## The problem:
Set the listing down again exactly, please, apart from its pictures.

## Dataset content:
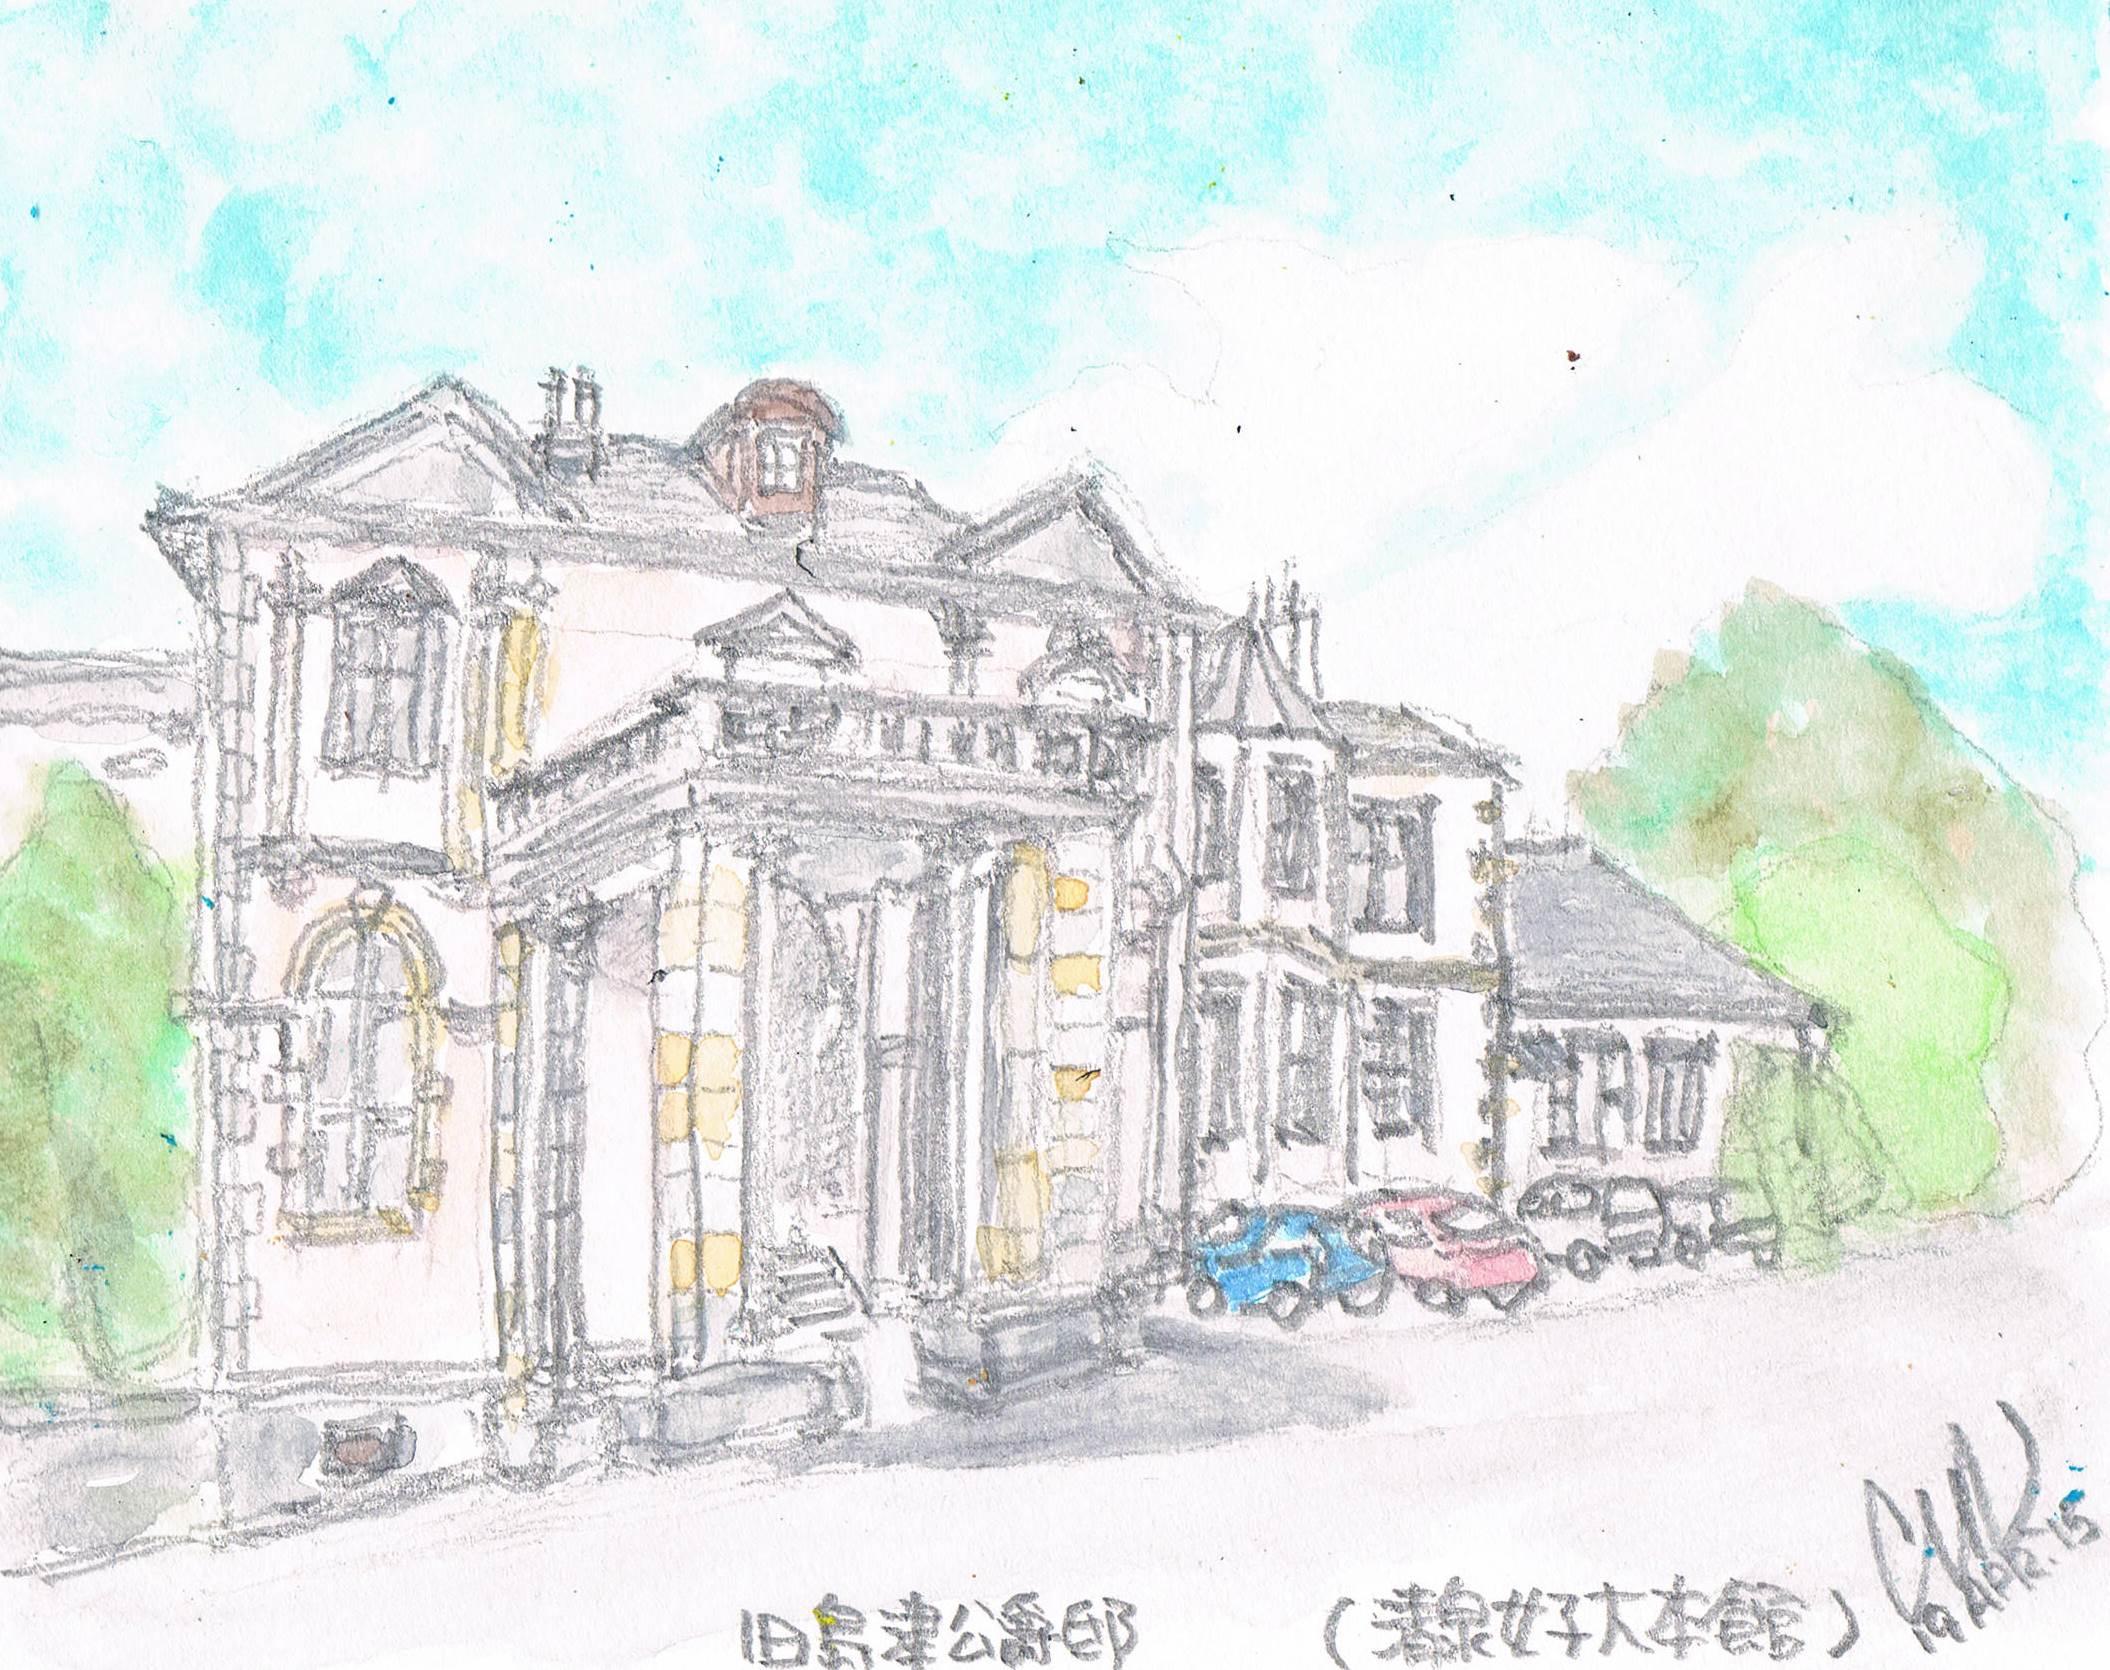 竣工100年 旧島津公爵邸_e0232277_10185289.jpg
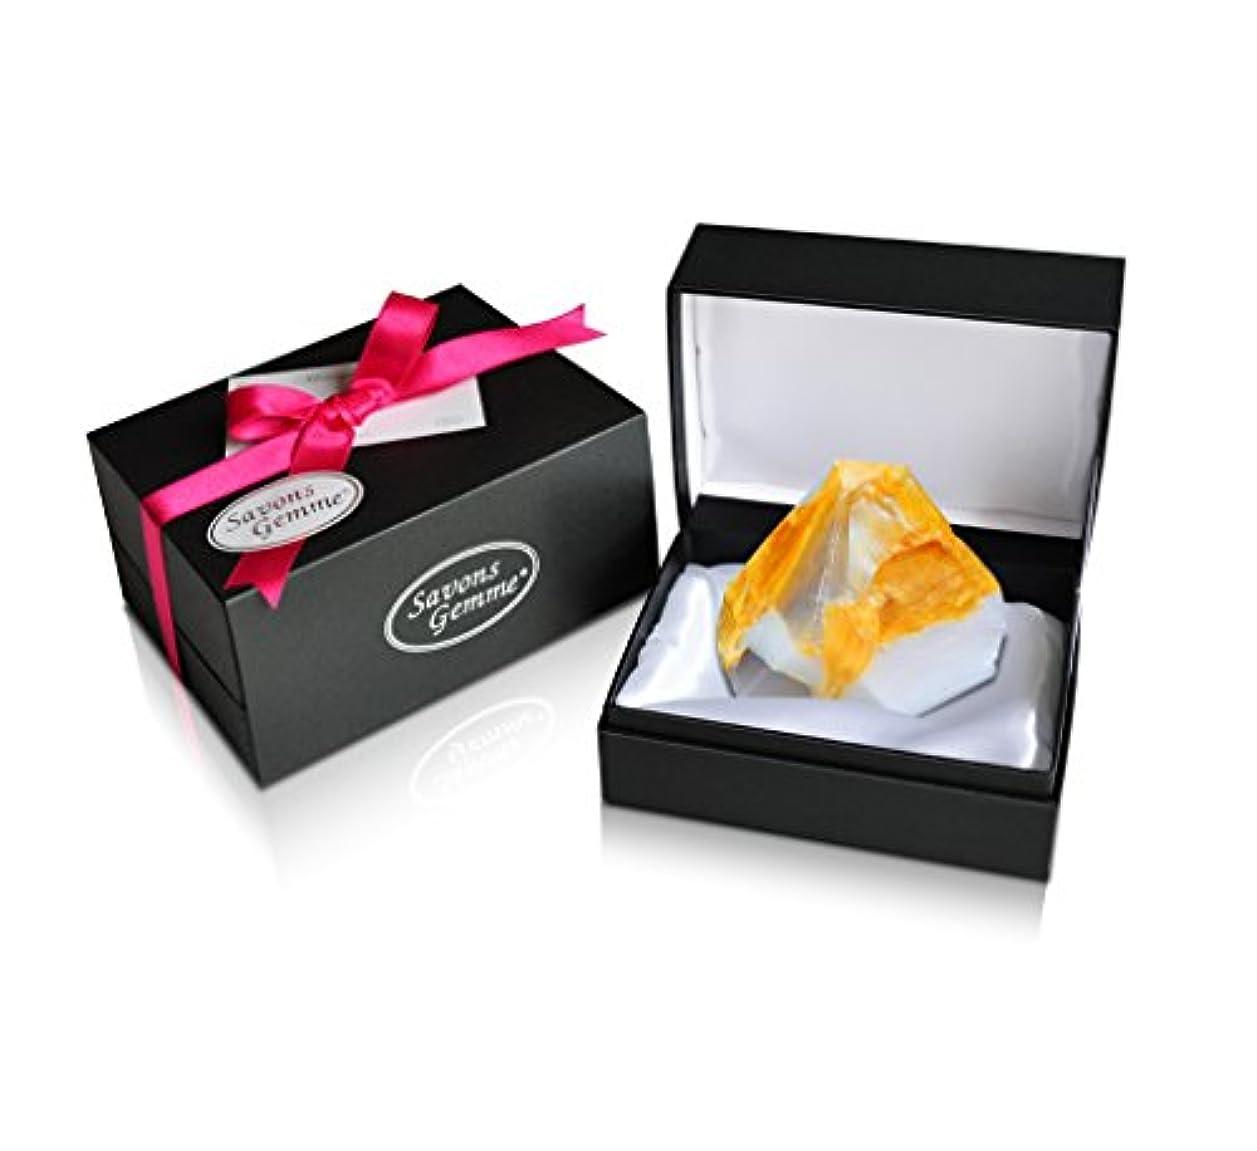 あいさつエスカレートハシーSavons Gemme サボンジェム ジュエリーギフトボックス 世界で一番美しい宝石石鹸 フレグランス ソープ 宝石箱のようなラグジュアリー感を演出 アルバトールオリエンタル 170g 【日本総代理店品】
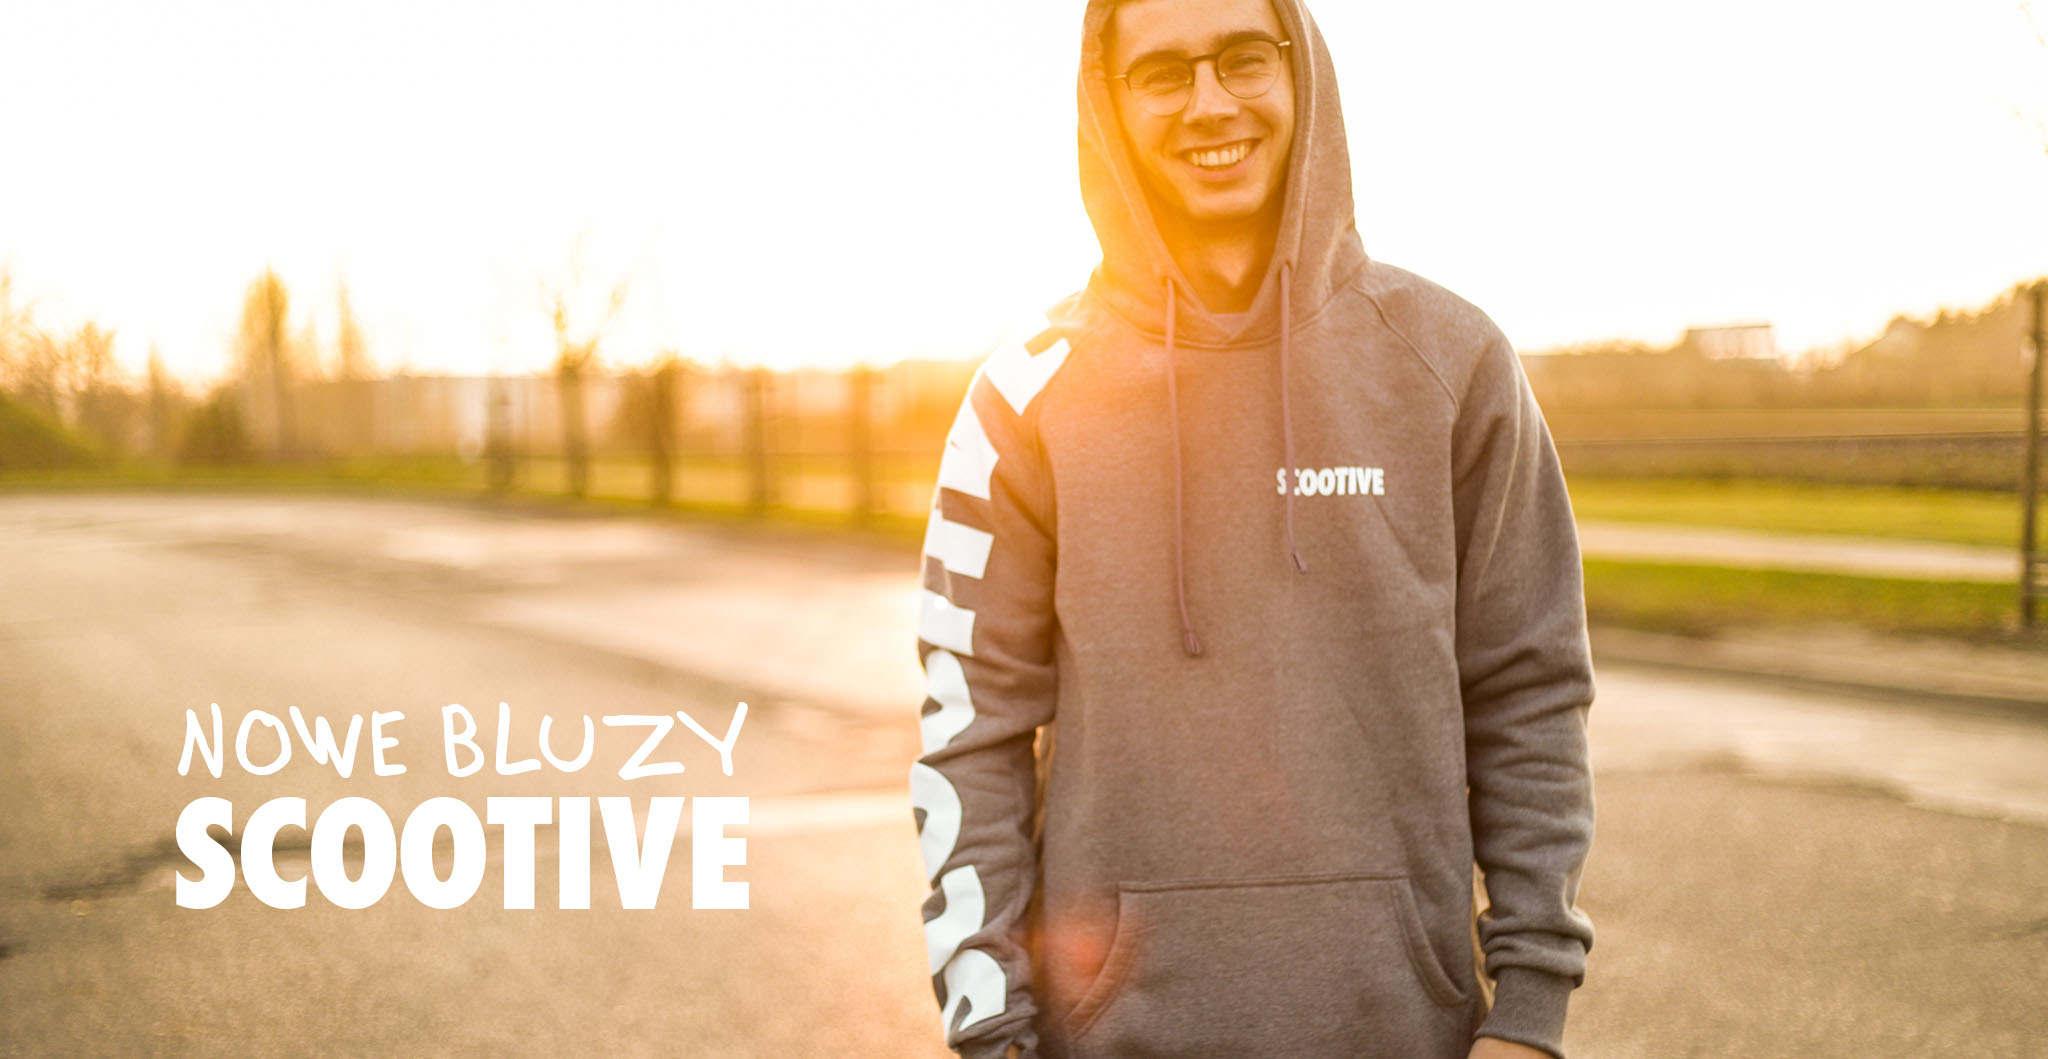 Scootive News: Nowe bluzy Scootive

## Completed exercise:
 竣工100年 旧島津公爵邸_e0232277_10185289.jpg
 あいさつエスカレートハシーSavons Gemme サボンジェム ジュエリーギフトボックス 世界で一番美しい宝石石鹸 フレグランス ソープ 宝石箱のようなラグジュアリー感を演出 アルバトールオリエンタル 170g 【日本総代理店品】
 Scootive News: Nowe bluzy Scootive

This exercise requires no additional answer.